We did this summer traverse a couple of years ago and tagged the final summit as well, but we took several days. Totally agree skiing would be super epic, but it would take a little more memory loss to convince myself to do that final descent again – especially with skis!!! Good on ya!
Such an inspiring TR! And awesome photos as usual.
The Blum lakes trail is the most difficult approach/exit I’ve done. Almost gave up on the way in. Can’t imagine doing it in ski boots and skis on the back, that’s just a whole nother level of suck. Hmm actually maybe I don’t wanna check out this traverse 🙂
Haha that’s why he held our skis and poles in our hand and just stayed in ski boots!
Since you’re a ski traverse guy.

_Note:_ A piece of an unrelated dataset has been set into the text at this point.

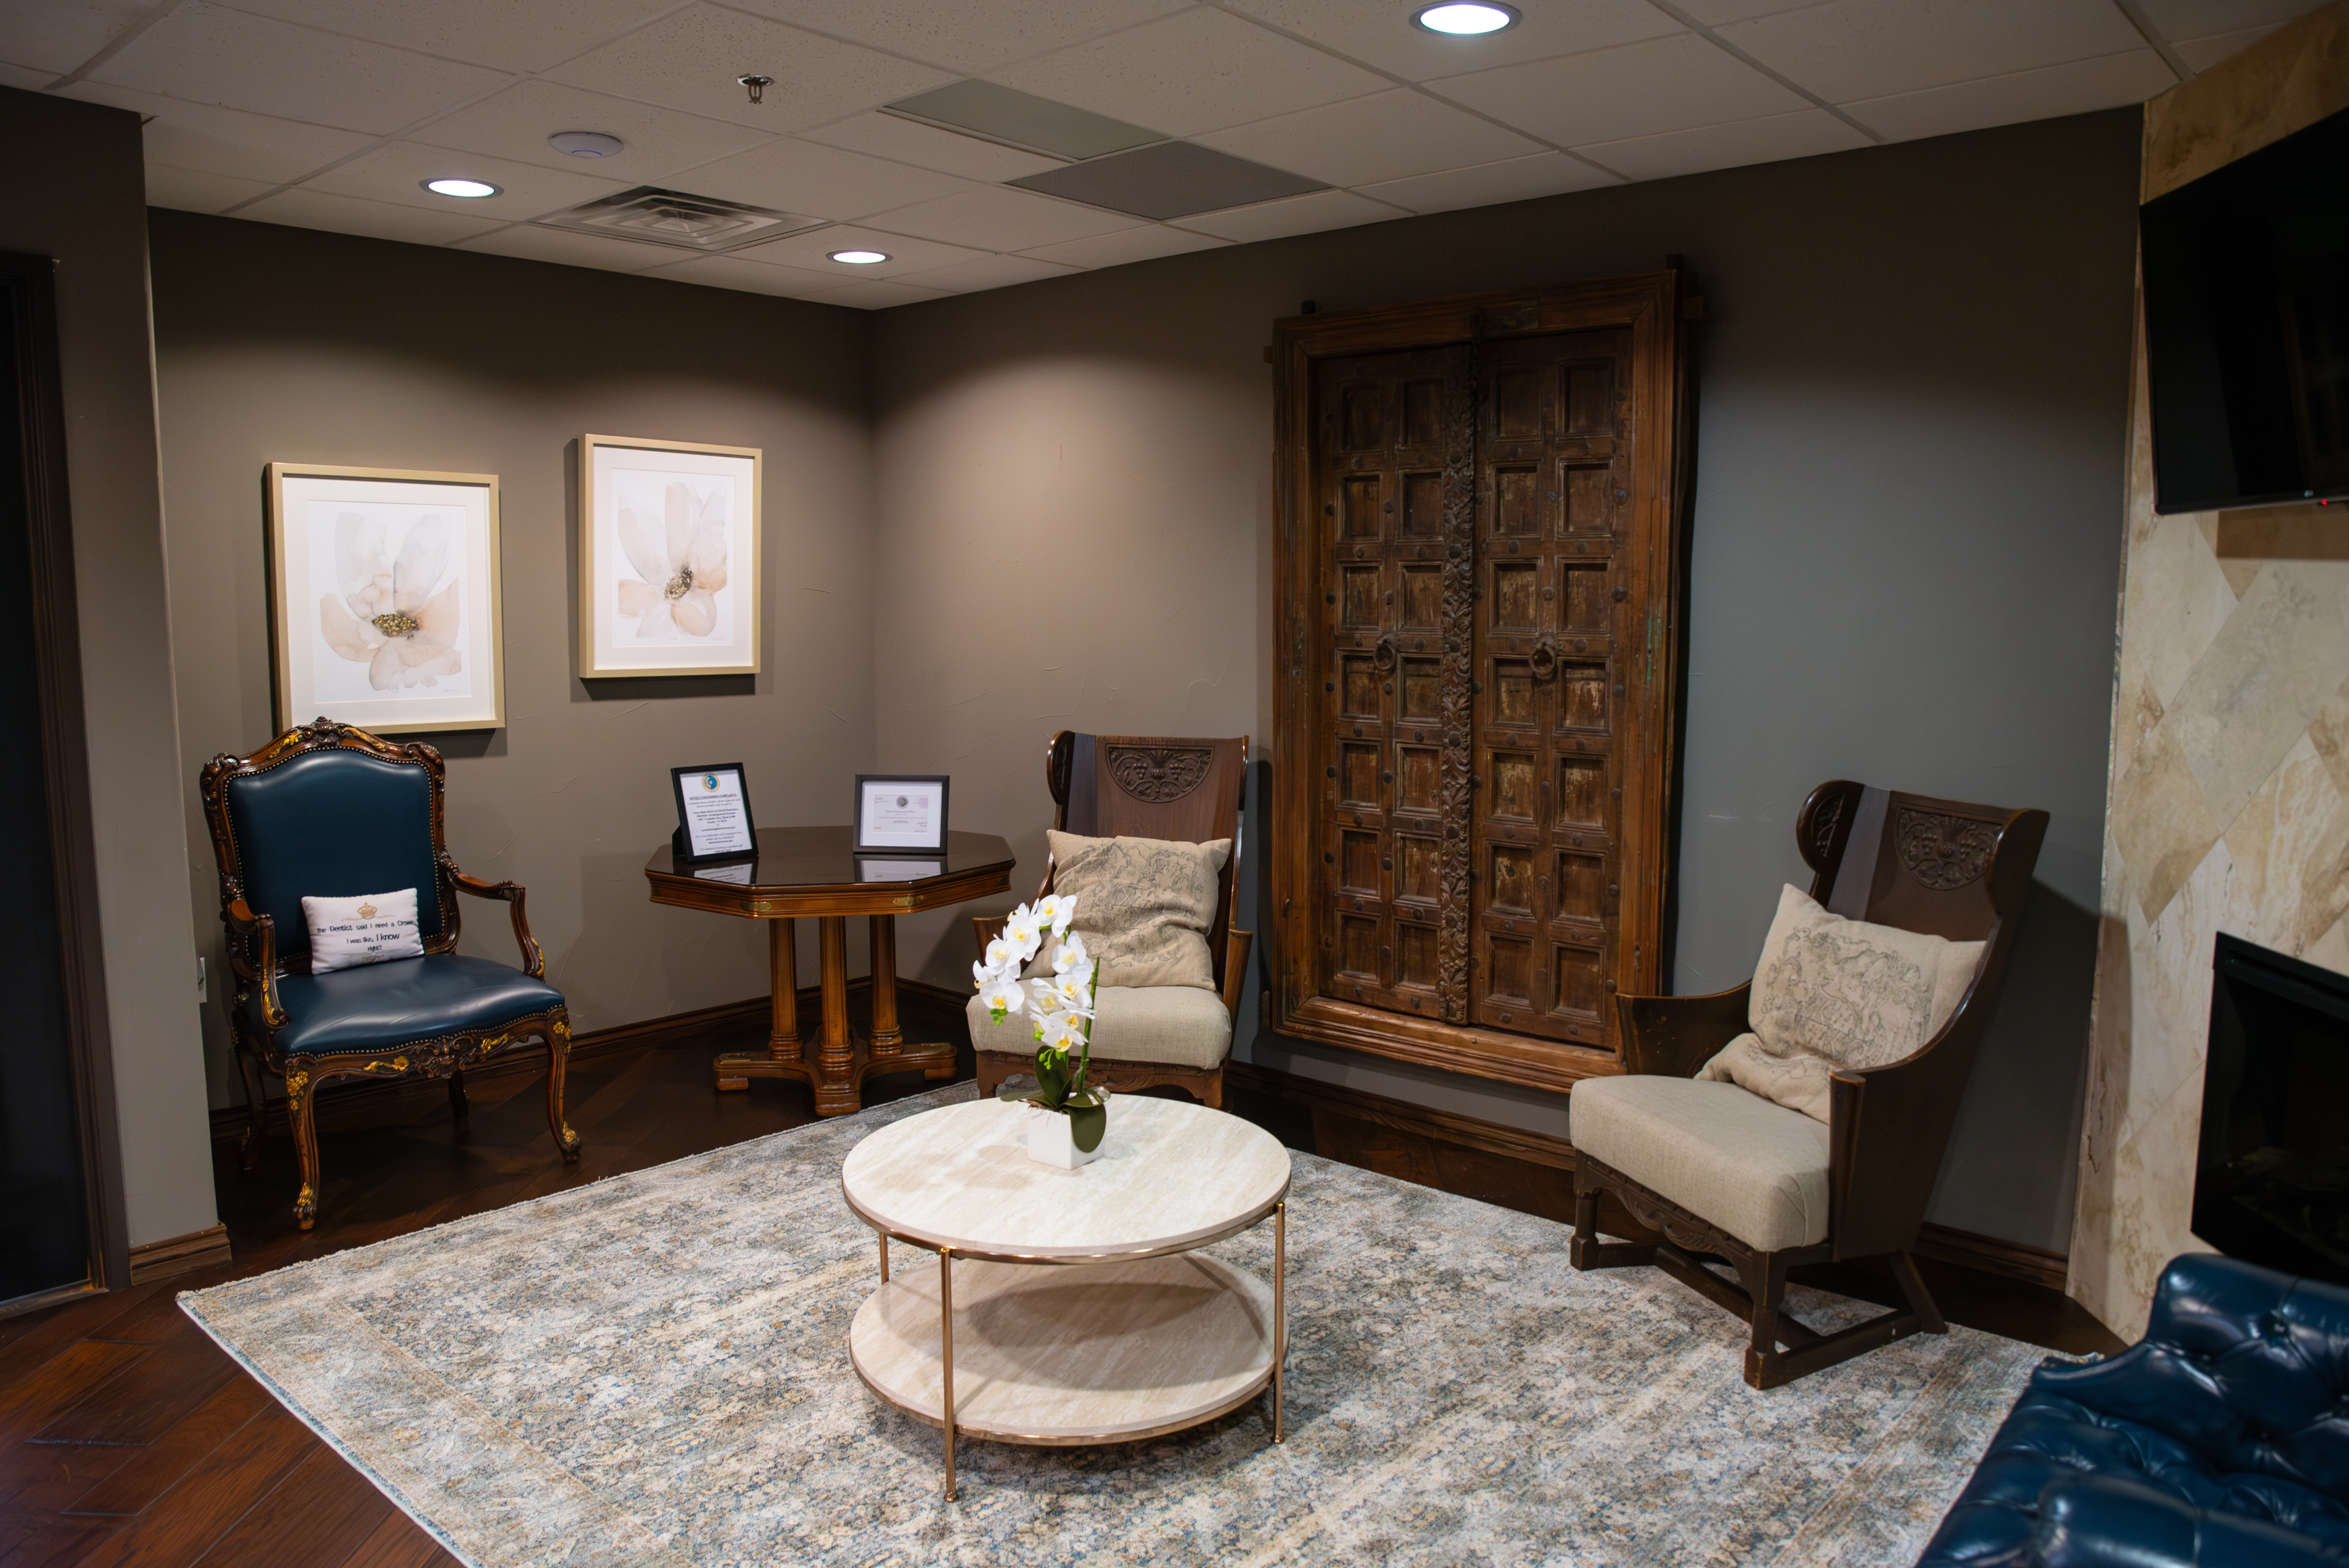 Luminescence Dentistry Waiting room with three elegant wooden chairs and a small beige center table

You might like this article about Dwight Watson. Who is kind of the father of back country skiing. He pioneered lots of routes throughout the cascades. Dwight helped my grandfather Lloyd and Fred Beckey scout out forbidden in April and May before Lloyd Fred Helmy Jim crooks and Dave Lind(also a prolific skier). Did the first accent of forbidden peak west ridge in 1940
Thanks Erin. Did you mean to share a link? I don’t see one in the comment.